The movie ''Jaws" gave the great white a bad reputation, said Skomal in an interview. Through his work, Skomal tries to debunk the myth that sharks prey on people. The great white is a small-brained fish, he said, and isn't good at telling the difference between humans and its usual prey -- dolphins, seals, or sea lions.
Two recent shark attacks along Florida's Gulf Coast injured one boy who was fishing in waist-deep water and killed a girl who was swimming 200 yards from shore; both sharks were believed to be the more aggressive bull shark. There have been no shark-related deaths in New England waters since 1936, when a teenage boy from Dorchester was killed in Mattapoisett by what was thought to be a great white, according to an aquarium spokesman.
Atlantic great whites are shrouded in mystery and tend to feed far off shore, Skomal said. Because sightings are rare, researchers do not know much about their migratory patterns.
''Personally, it was like a gift," Skomal said of the surprise visitor to the Cape. ''It was the single highlight of my career to spend 14 days with a great white in a New England estuary."
Doubting the shark would stick around for long, Skomal pulled out a spear and tagged the base of its dorsal fin with a satellite tracking device so he could study its movements over the next six months.
''I thought she'd swim out as easily as she swam in," he said. ''I was grossly wrong."

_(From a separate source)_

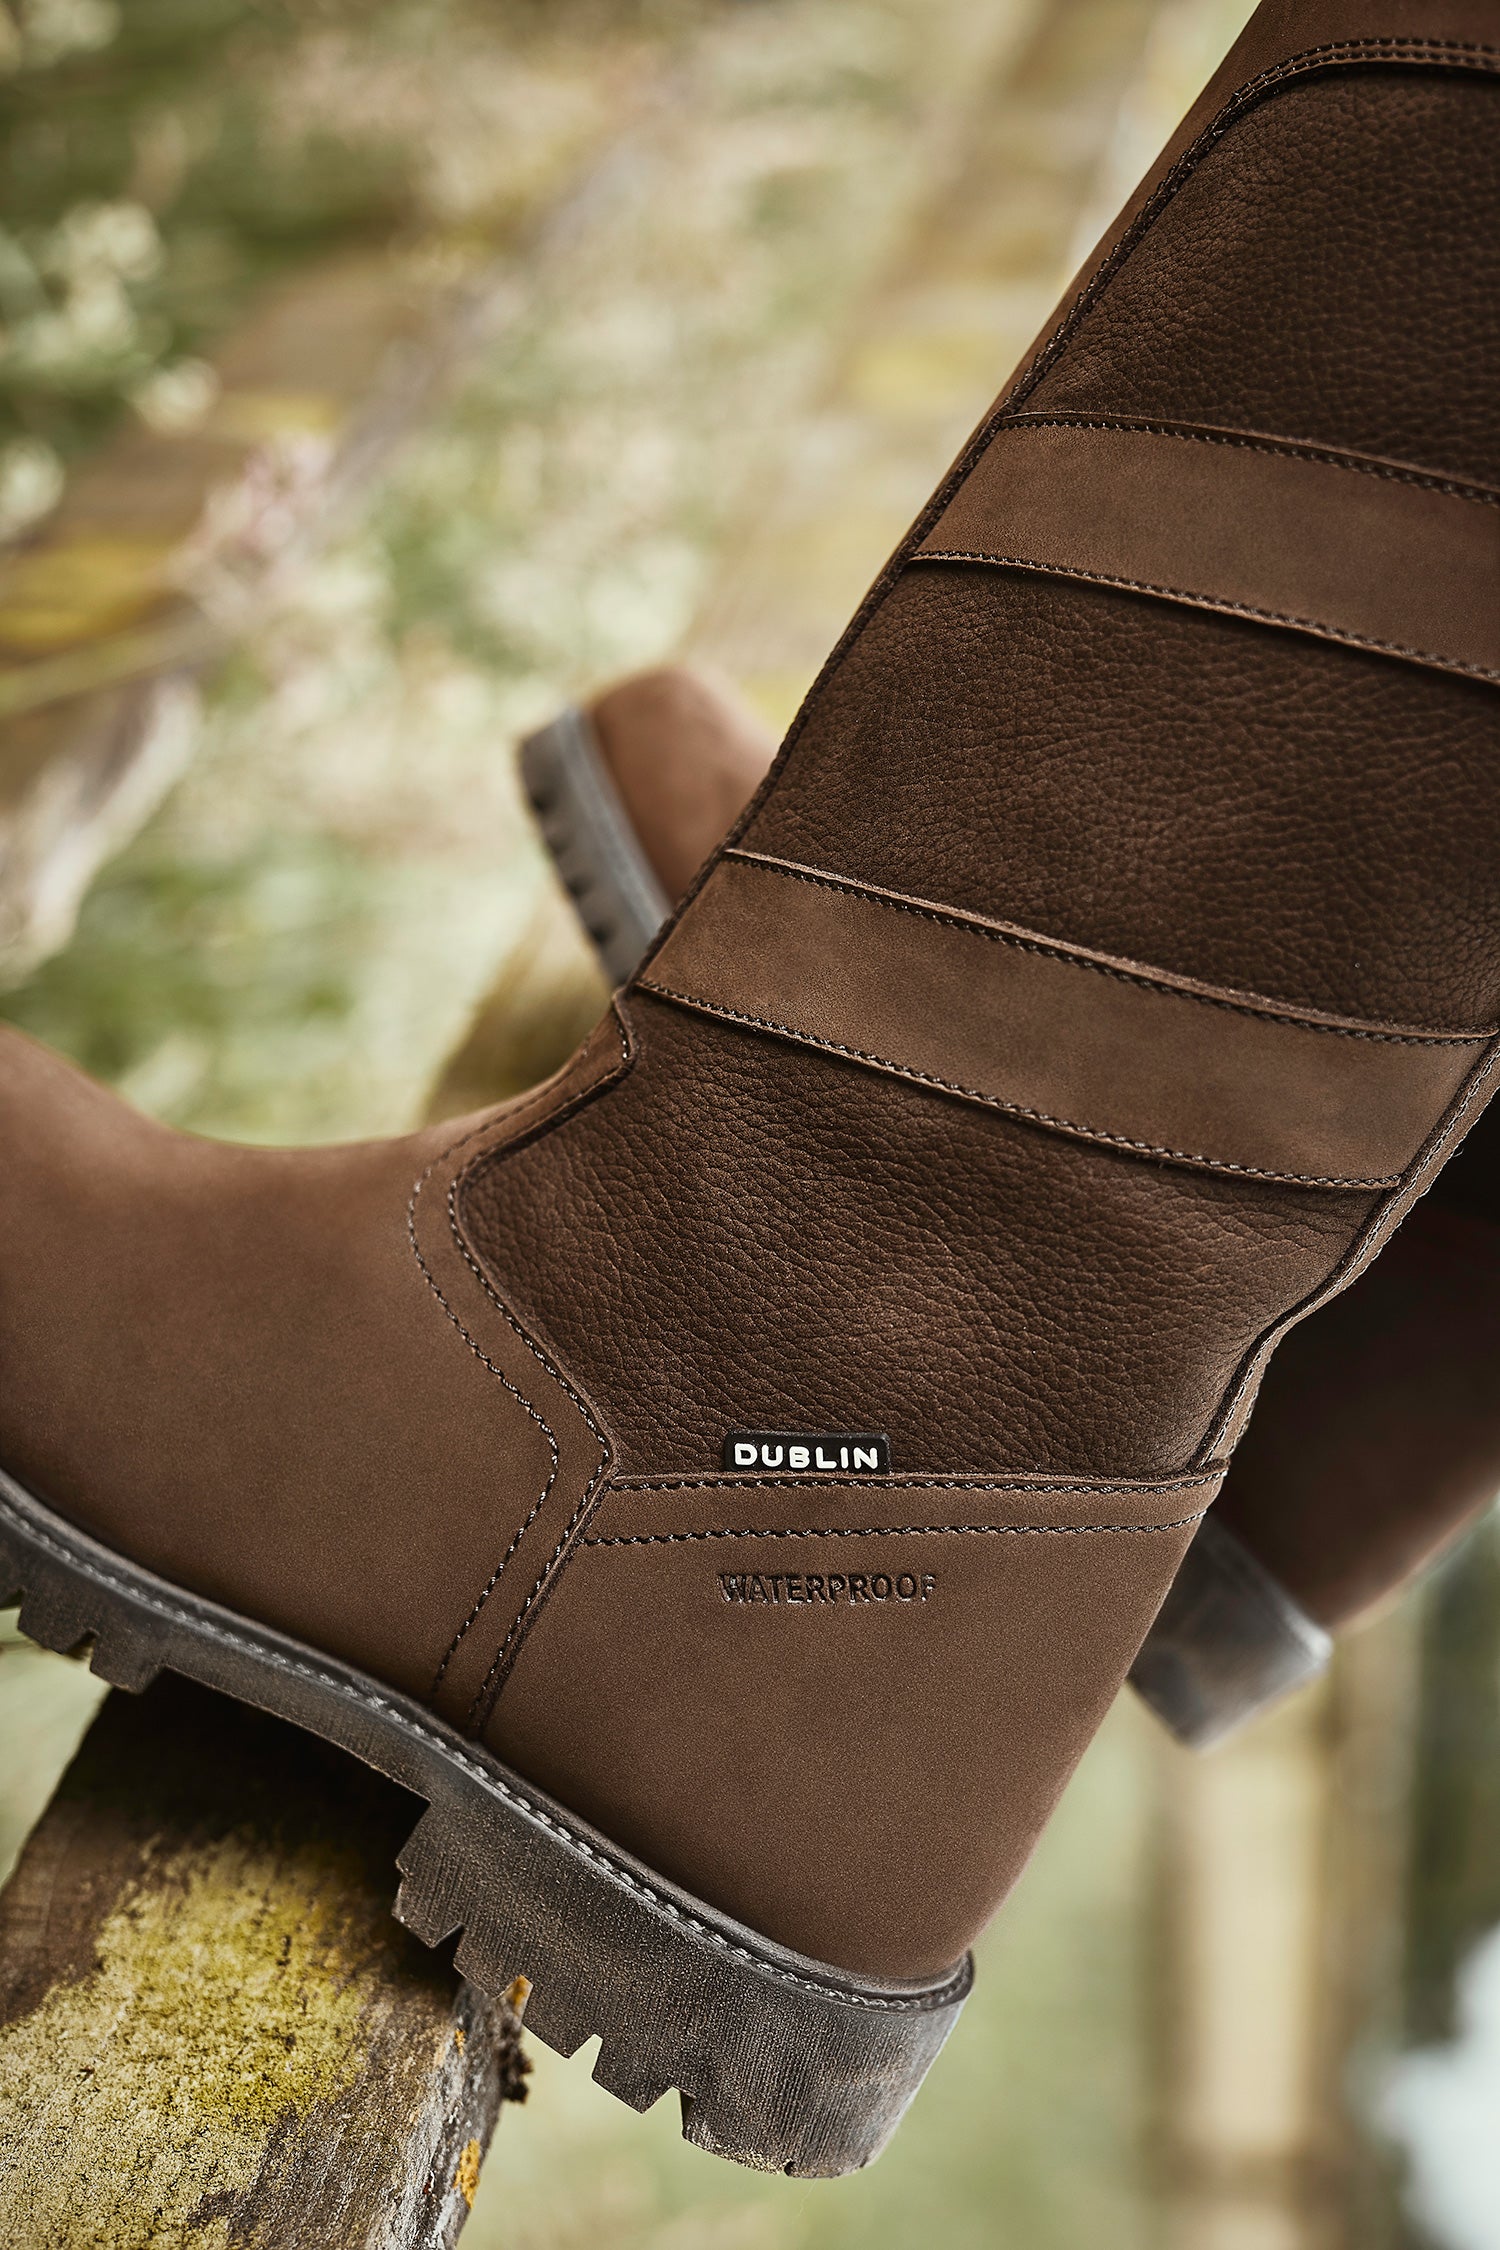 Heel detail showing leather grain and waterproof logo

The next morning, the shark was still swimming near the middle of the pond where the water was deepest, at about 25 feet. It was too scared to head towards the shallow rocky opening to the ocean.
For the next week and a half, Skomal and about 20 others tried to lure the shark out with bait -- blue fish, tuna, even a dead seal. They made silt clouds out of powdered lime, hoping to cloud the water and edge the shark closer to sea. They generated an electric field. The shark ignored them all. Skomal spent nights at a friend's house in Falmouth, returning to his Martha's Vineyard home only to grab more clothes.
On the 11th day, local fishermen cast netting to force the shark to swim south. Skomal and the others nudged it through the opening by spraying water.
But the shark instead swam into a neighboring bay that was only about 4 feet deep. Again using water pumps, he and others finally freed the shark Oct. 4.
The next day, he spoke about the shark in an interview with ''Good Morning America." Afterward, he got an e-mail telling him the tracking device had fallen off the shark about an hour after it swam out to sea.
"It was like a kick in the stomach for me," said Skomal, who had spent up to six hours a day with the shark. ''I went from one of my highest highs to one of my lowest lows."
Still, Skomal said he hopes to have the opportunity to track more great white sharks in the Atlantic. Skomal predicts that the summer will bring one or two credible reports of a great white sighting within miles of Cape Cod.
''This was just the beginning of learning more about this elusive critter," he said.